Most runners train for a race with a goal pace in mind. Many will train for that goal pace by running it in varying distances and durations during their training.

Various authors, most recently and notably Matt Fitzgerald in 80/20 Running, advocate building a solid base of mostly easy running from which you can do a bit of tempo-specific running each week. This makes sense since your ability to run fast won’t matter much without the aerobic development to sustain a desired pace over your desired race distance.

Jeff Gaudette of Runners Connect takes this a step farther. He actually posits that most runners already have the desired speed to run a goal pace, that what they lack and need to develop is the aerobic and neuromusucular fitness to sustain that pace for their desired race distance.
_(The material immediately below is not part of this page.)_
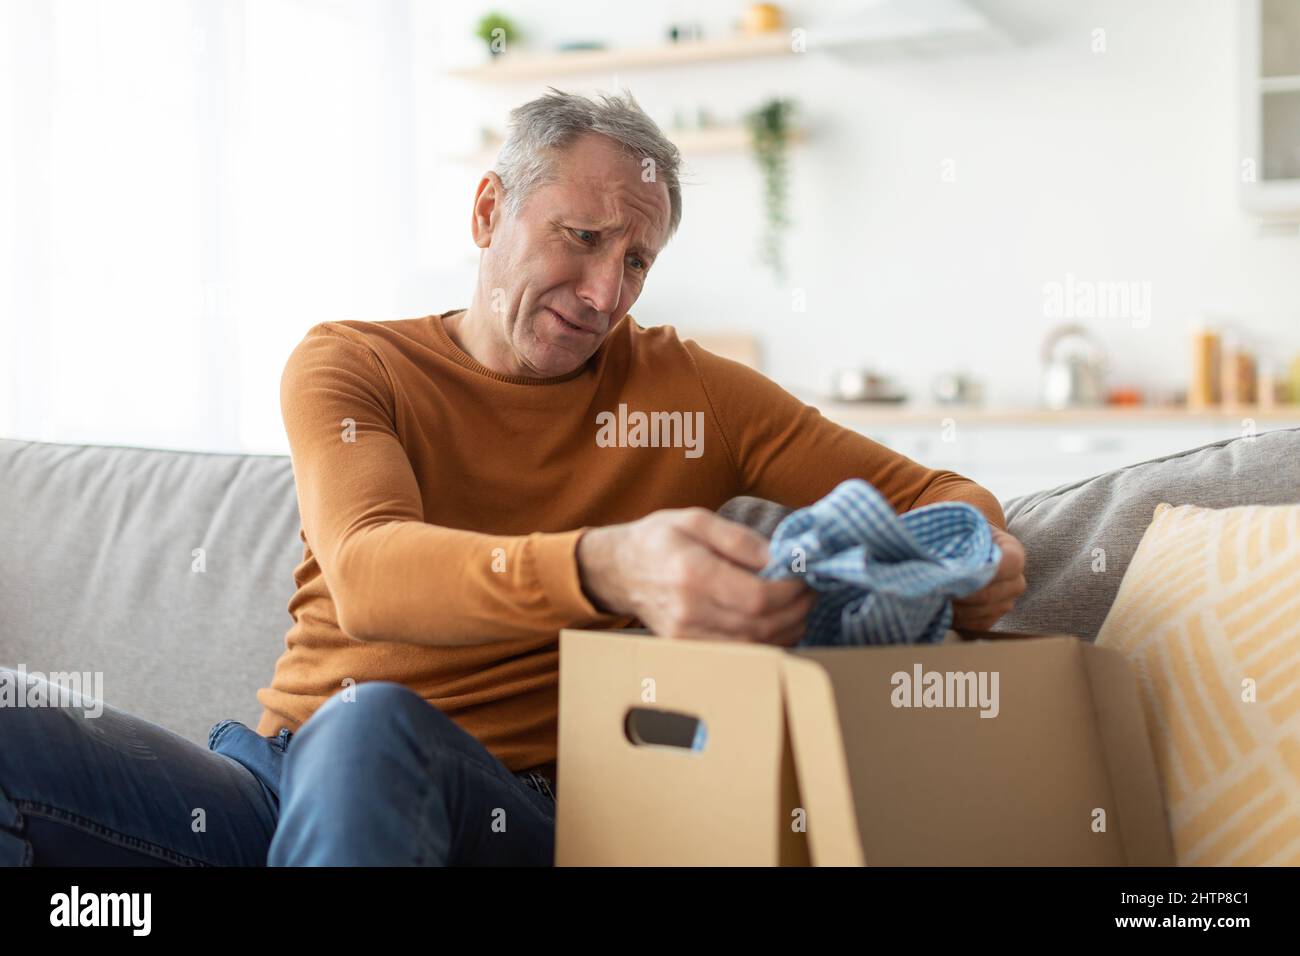 Sad mature man unpacking wrong parcel, delivery mistake concept Stock Photo
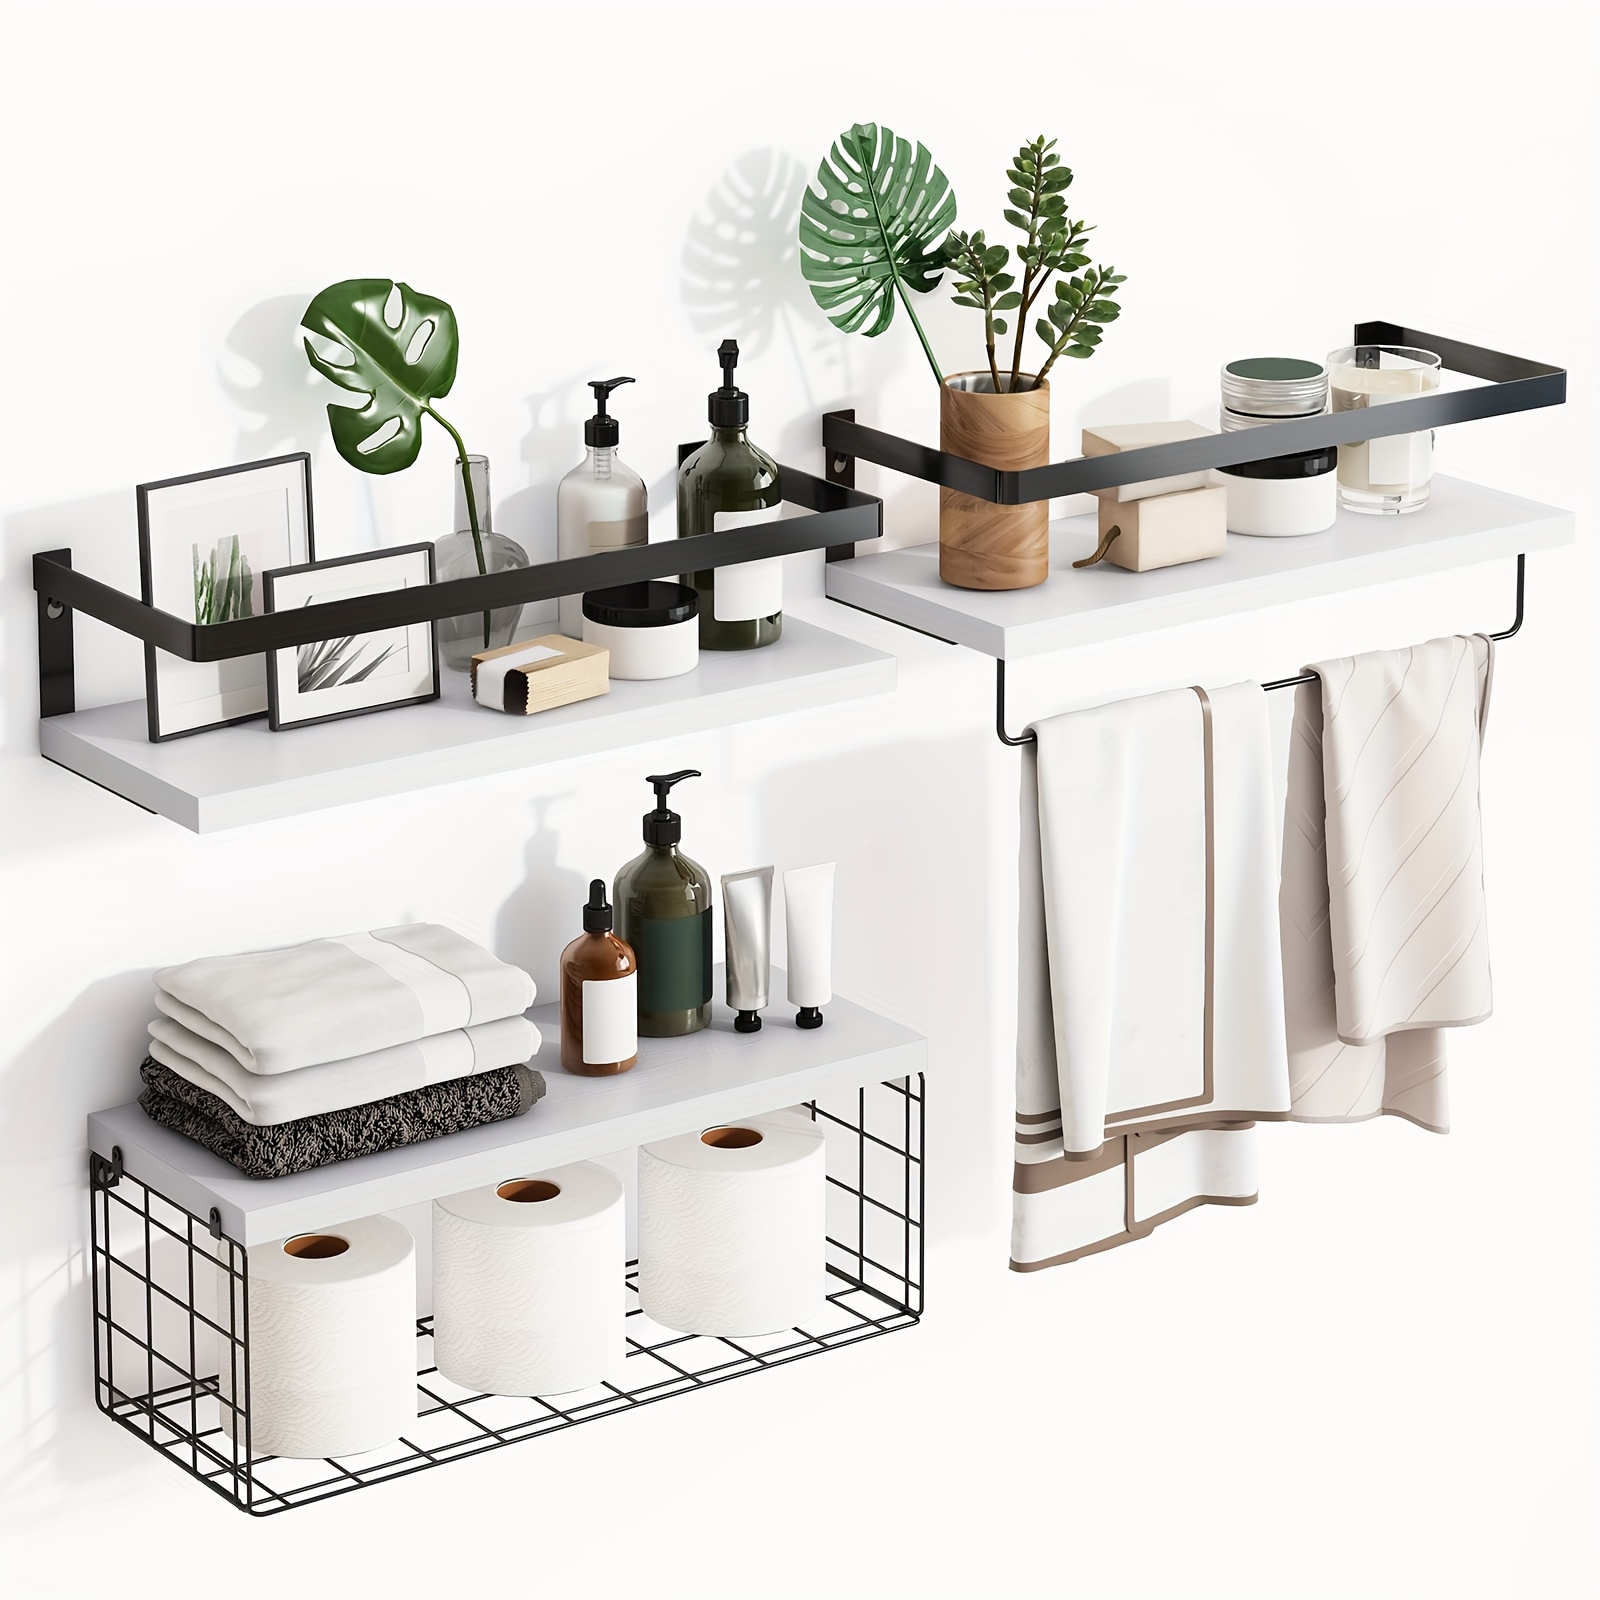 

3+1 Tier Wall Mounted Floating Shelves With Metal Frame, Bathroom Shelves Over Toilet With Wire Storage Basket, Meet Your Decoration And Organization Needs, For Bathroom, Kitchen (white)

Gaudette has a good point. Whenever you are able, go outside and run as fast as you reasonably can (i.e. don’t hurt yourself). I imagine if your pace was measured you’d easily exceed your desired goal pace.

I also imagine you won’t be able to hold that fast-as-you-can pace for very long. Running at max speed, you’ll be winded and your muscles will be neurally screaming in seconds. I’ve done max speed reps for giggles a few times, and I find the longest I can reasonably go at that intensity is about 30-45 seconds.

When we do speedwork, we’re not really training ourselves to run faster. Most of us already can run pretty fast. What we’re training is the ability to hold a given speed over a desired distance, whether that distance is 400 meters, 5K, or a marathon. (Ultra distance runners by and large have other aerobic and endurance concerns during training aside from speed)

This is why many coaches say the goal of speedwork should be economy, i.e. refining your form and taking every step as efficiently as possible, so that when you run your races you’ve honed and improved the efficiency of every step.

I realize I’m digressing a bit. I mentioned easy pace for a reason. We focus a lot on speedwork, on our goal pace, while forgetting that every goal pace has a corresponding pace at other distances… as well as a corresponding regular and recovery run pace.